▶ _Task goal_:
Reproduce, exactly and in full, the lines from the one with "Lechic LeChic C007-5207" through the one with "Vintage Gucci GG" in the data below; drop pictures.

▶ _Given data_:
☆ ☆ ☆
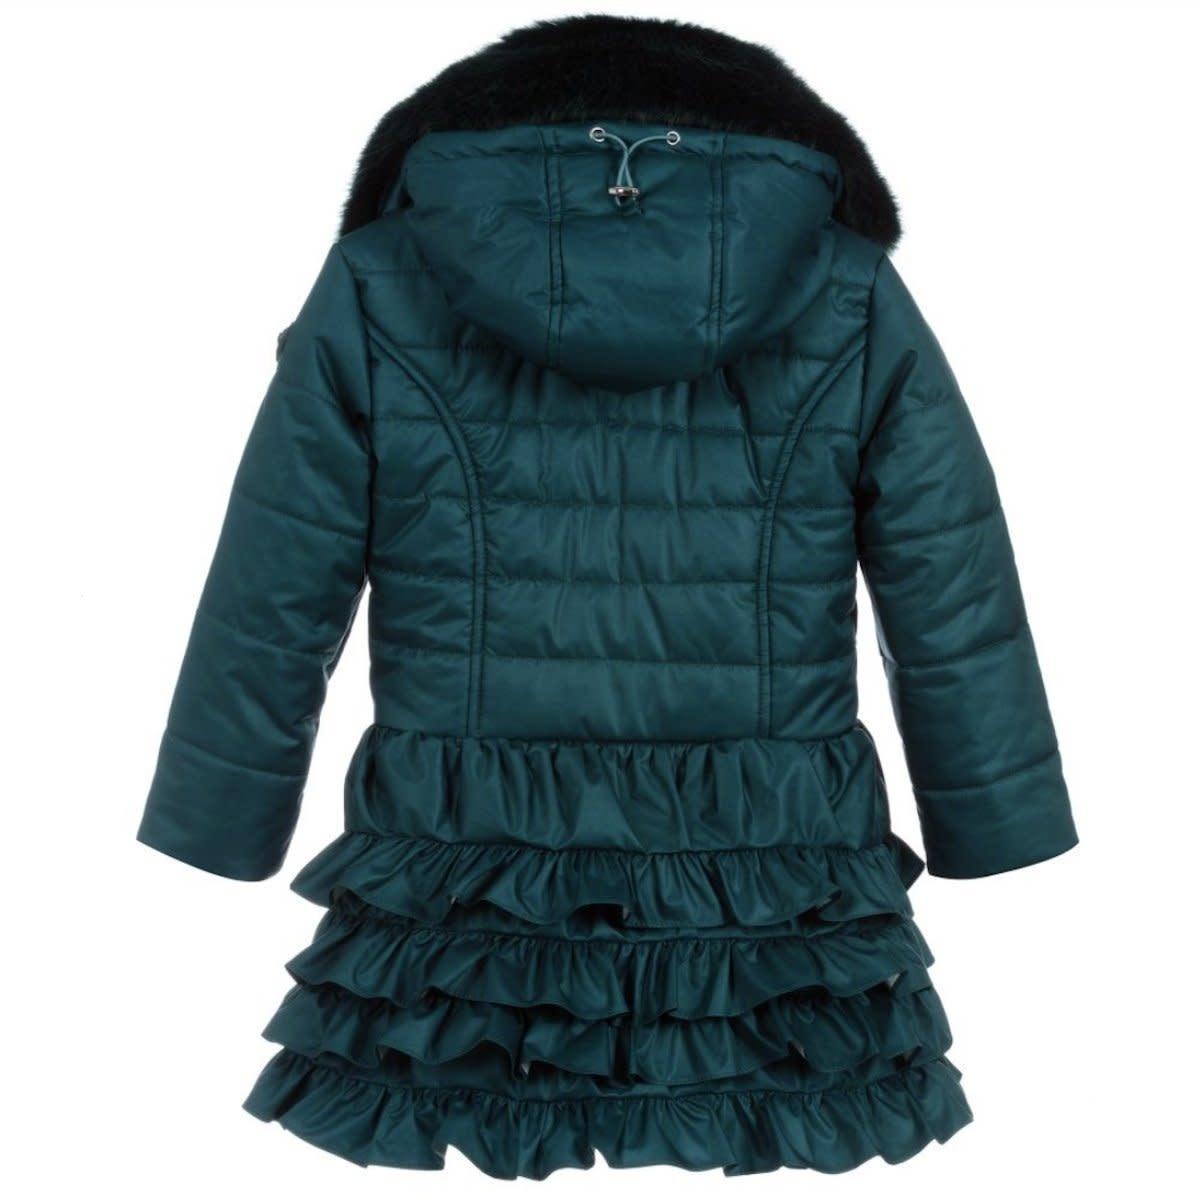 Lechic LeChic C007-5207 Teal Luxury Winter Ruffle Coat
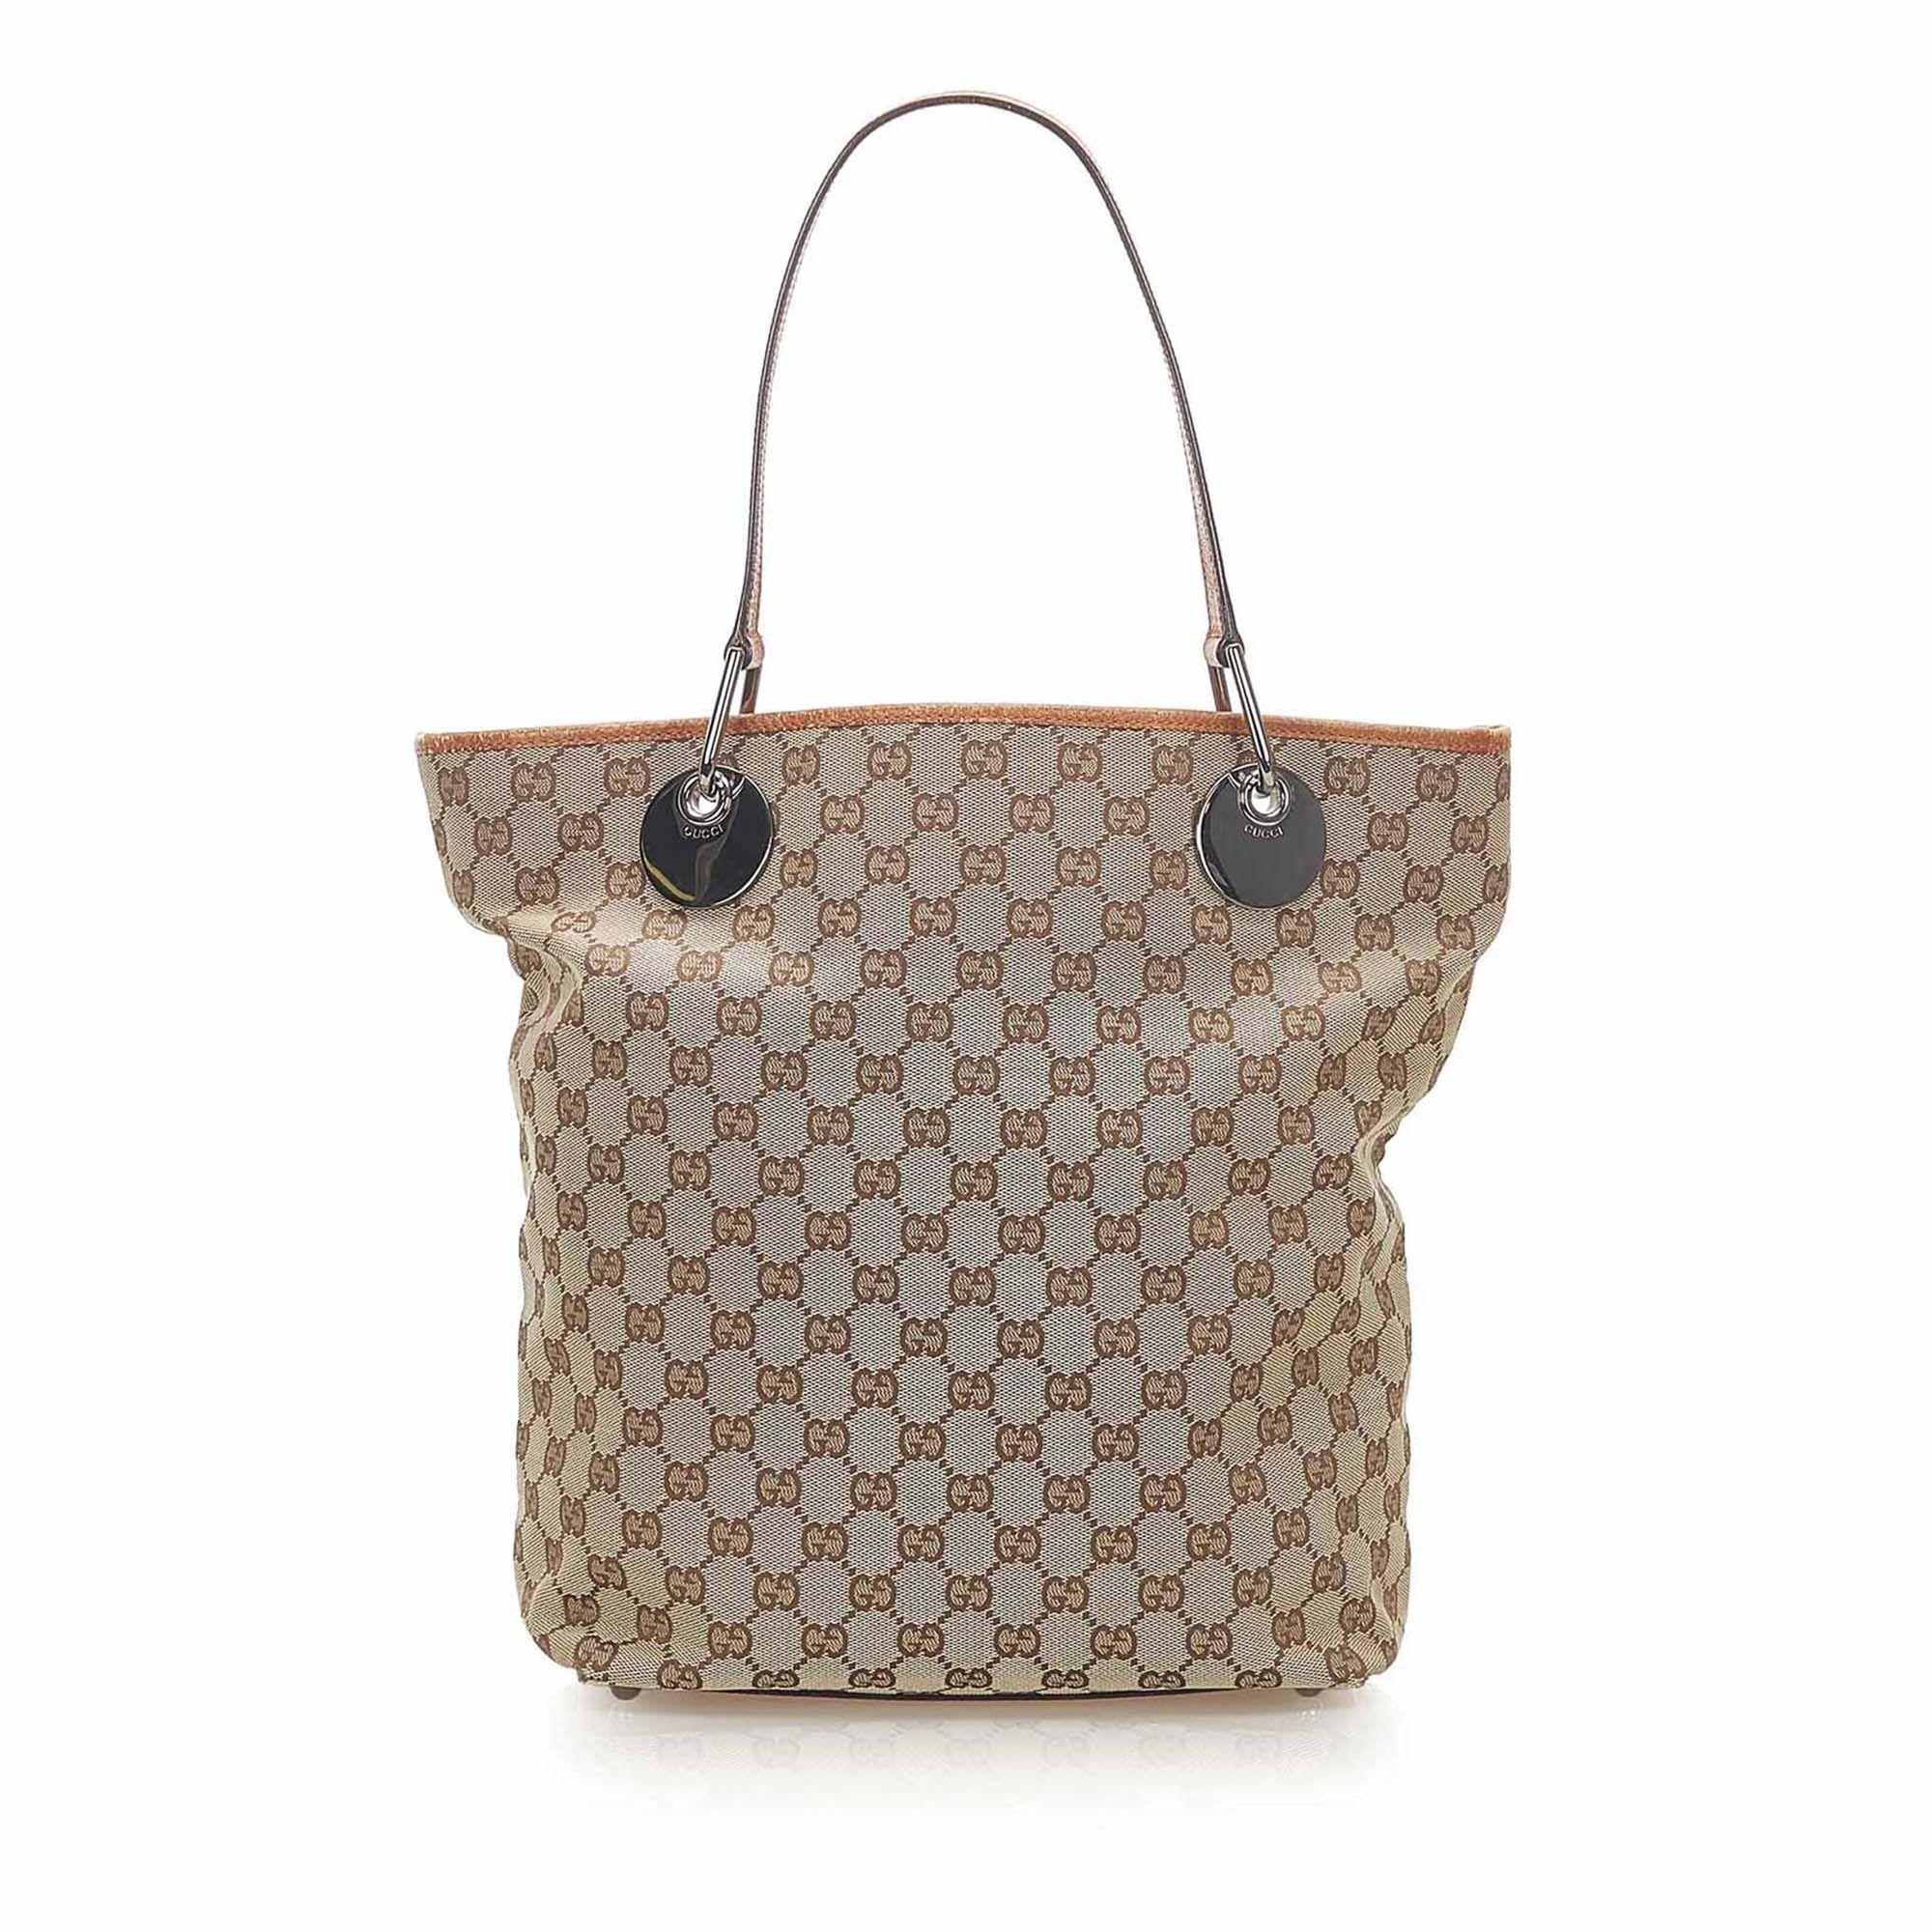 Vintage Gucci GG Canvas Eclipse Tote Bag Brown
☆ ☆ ☆
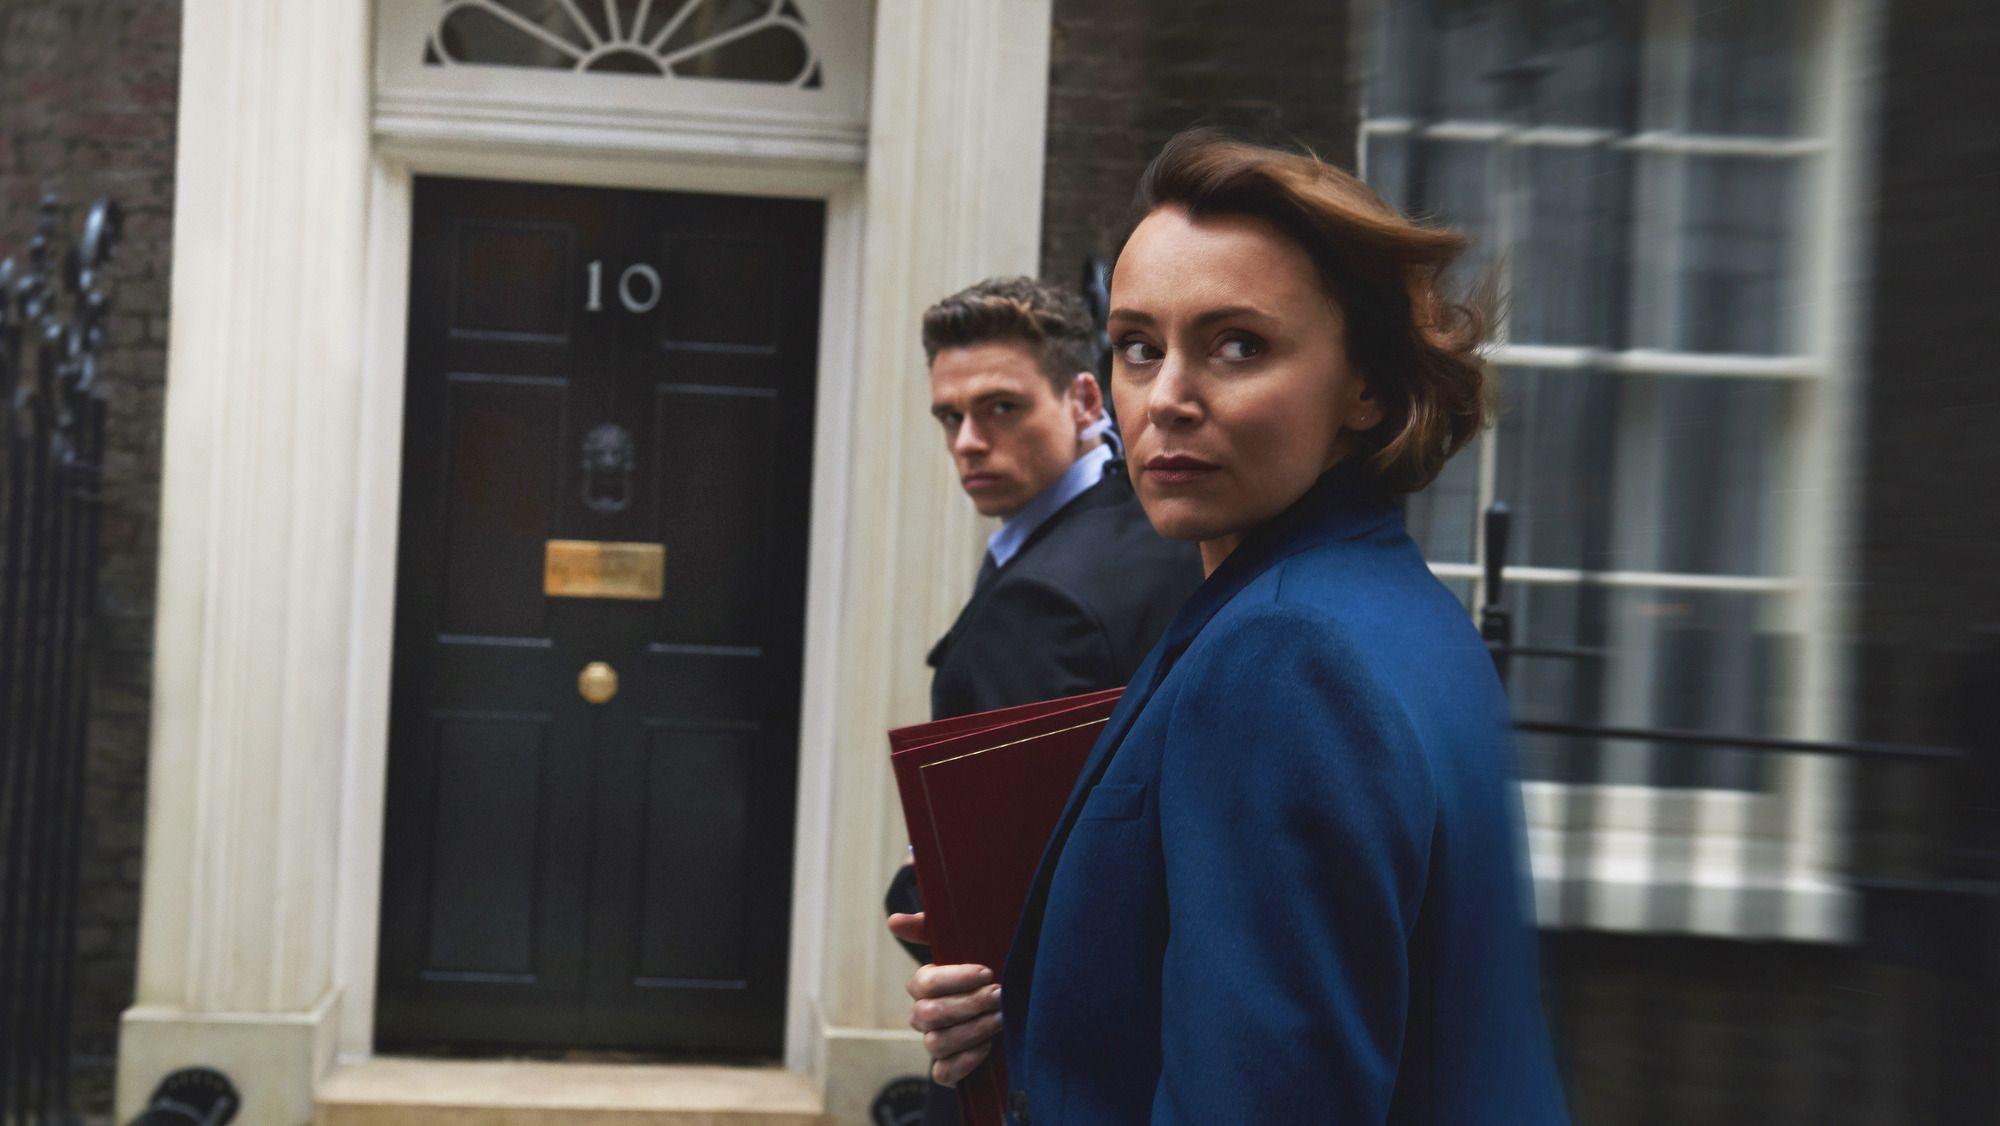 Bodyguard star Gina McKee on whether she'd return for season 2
☆ ☆ ☆
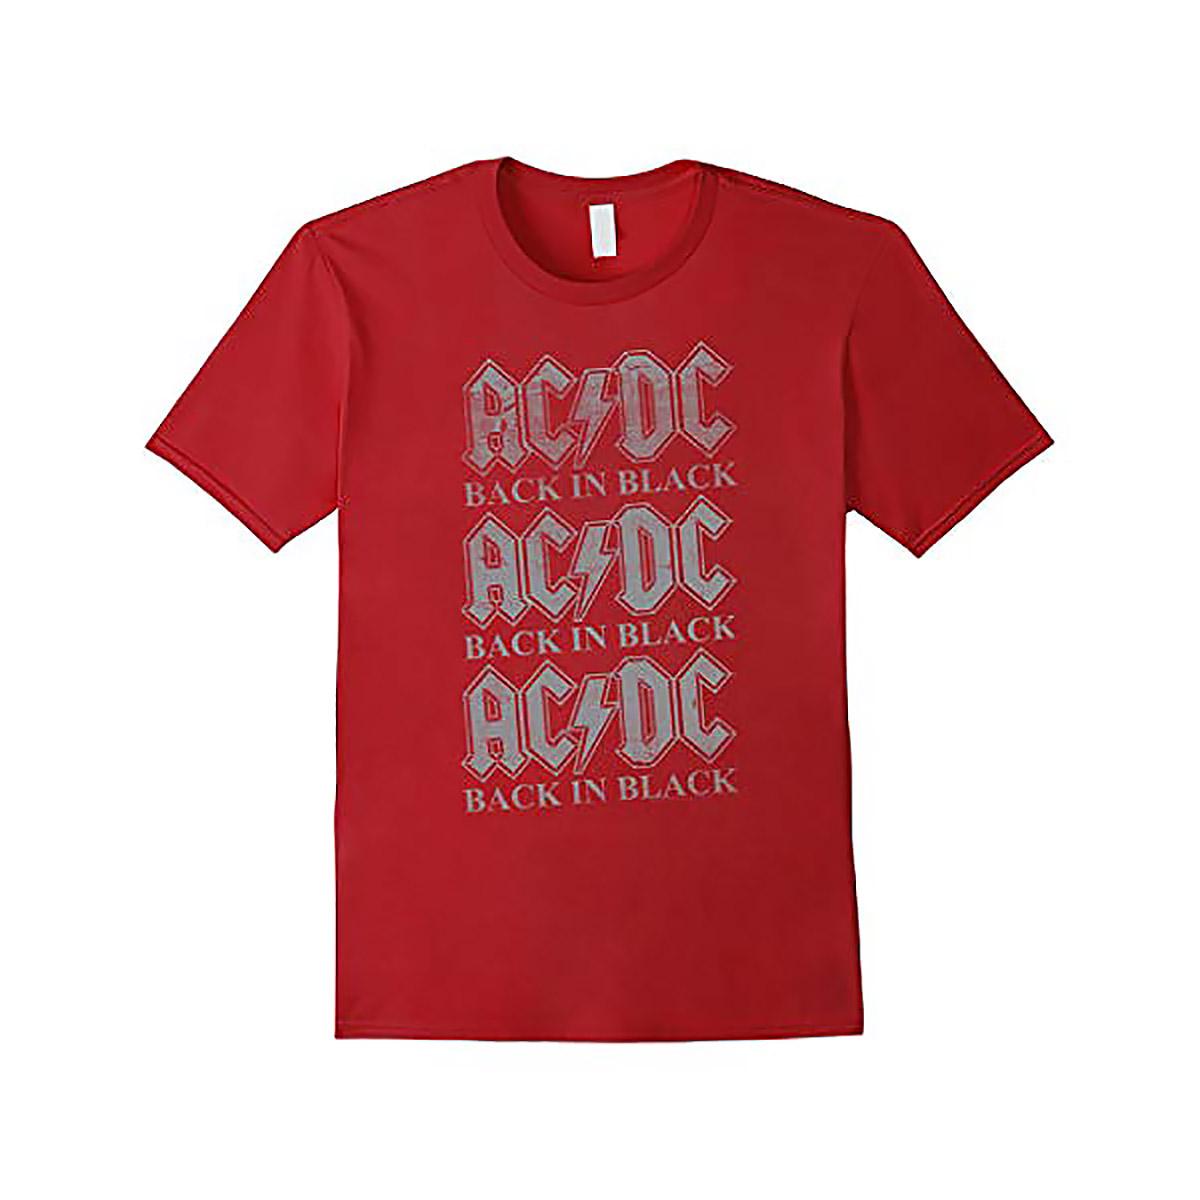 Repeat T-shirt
☆ ☆ ☆
▶ _Written reply_:
 Lechic LeChic C007-5207 Teal Luxury Winter Ruffle Coat
 Vintage Gucci GG Canvas Eclipse Tote Bag Brown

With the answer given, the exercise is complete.